Consider live value for alert MySQLGaleraRecvQueueLengthTooHigh

Open psycofdj opened this issue 6 years ago • 0 comments

I have issues with the MySQLGaleraRecvQueueLengthTooHigh alert which is triggering for a very long time: hours after an incident on the galera cluster has been resolved (eg. recreating one of the node vm)

From my understanding, the alert is based on the mysql_global_status_wsrep_local_recv_queue_avg metrics which is itself read from the wsrep_local_recv_queue_avg status on the galera cluster.
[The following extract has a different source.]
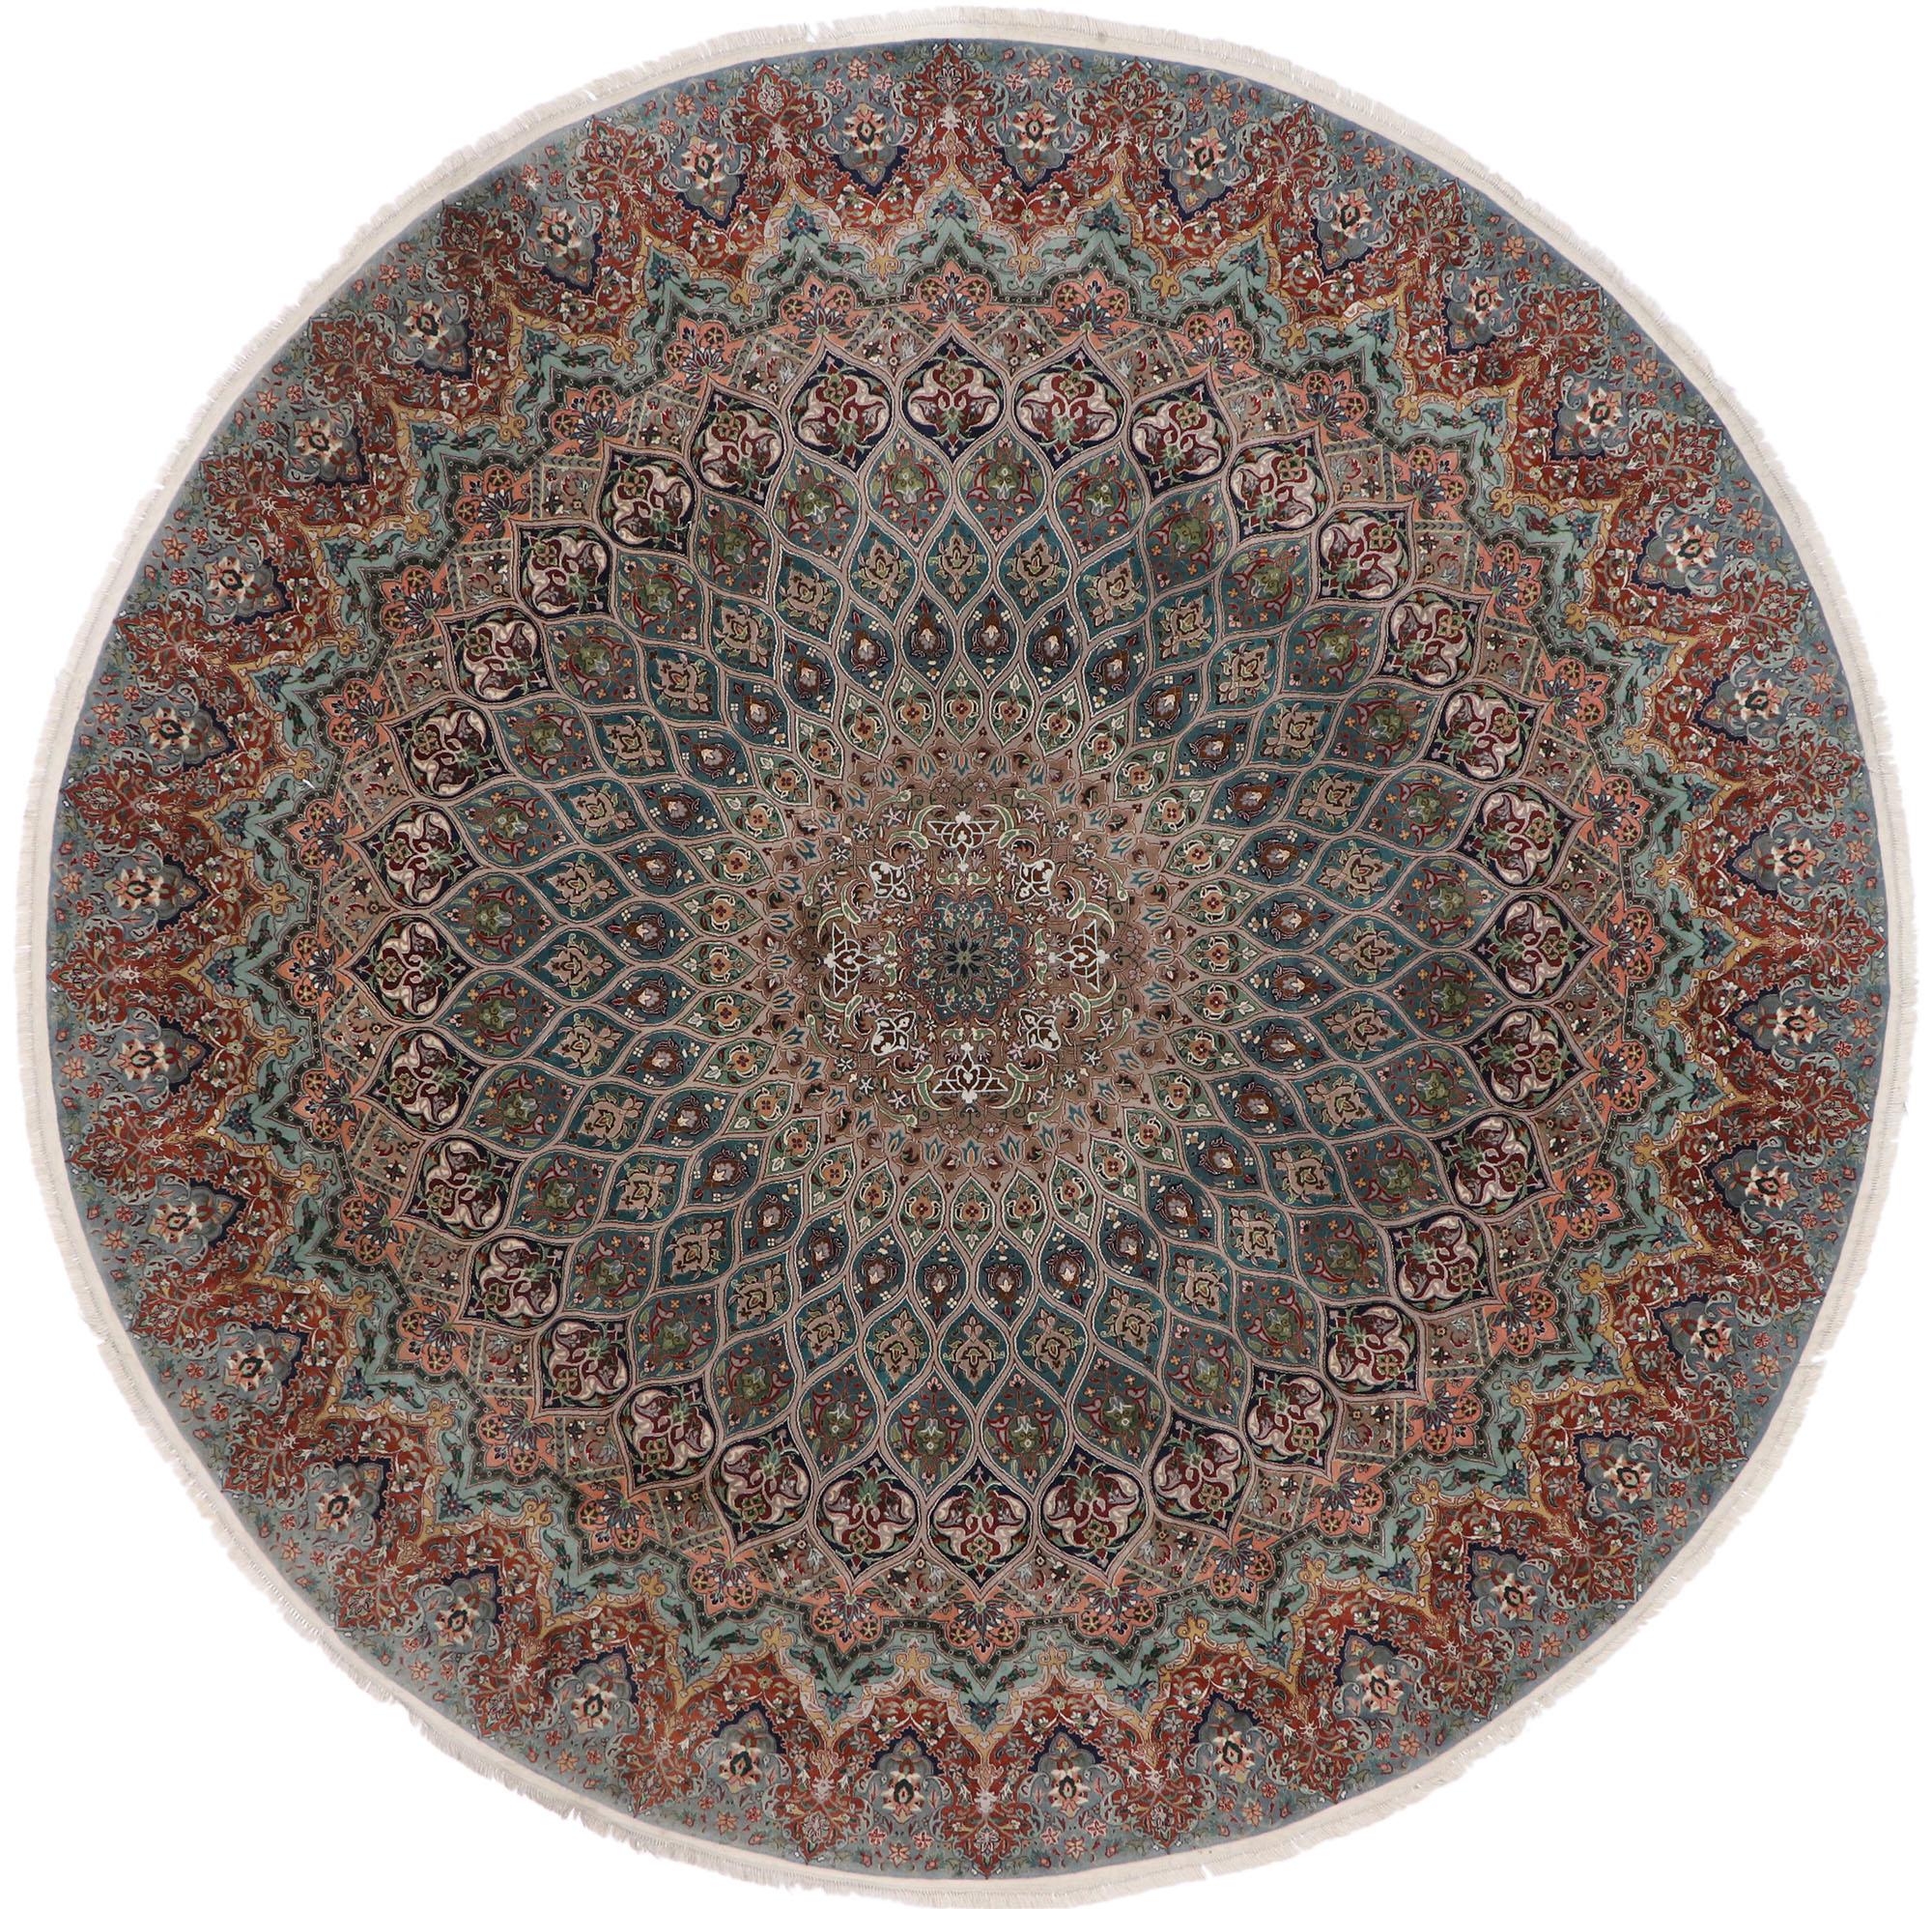 Wool Vintage Persian Tabriz Round Mandala Rug with Art Nouveau Rococo Style

Live values can be read on the cluster using the query SHOW GLOBAL STATUS LIKE 'wsrep_%';

The definition for the wsrep_local_recv_queue_avg status states:

Recv queue length averaged over interval since the last FLUSH STATUS command.

After recreation, my node starts with a quite high recv_queue, then quickly falls to 0 within minutes. However, since this metric is averaged over time, it take hours to fall back under the configured threshold.

Shouldn't we consider using the live metric mysql_global_status_wsrep_local_recv_queue based on wsrep_local_recv_queue_avg and configure an alert that use prometheus average functions ? Something like avg_over_time(mysql_global_status_wsrep_local_recv_queue[5m]) ?

LMK your opinion on this. I can create a PR if that helps.

Jul 06 '19 00:07 psycofdj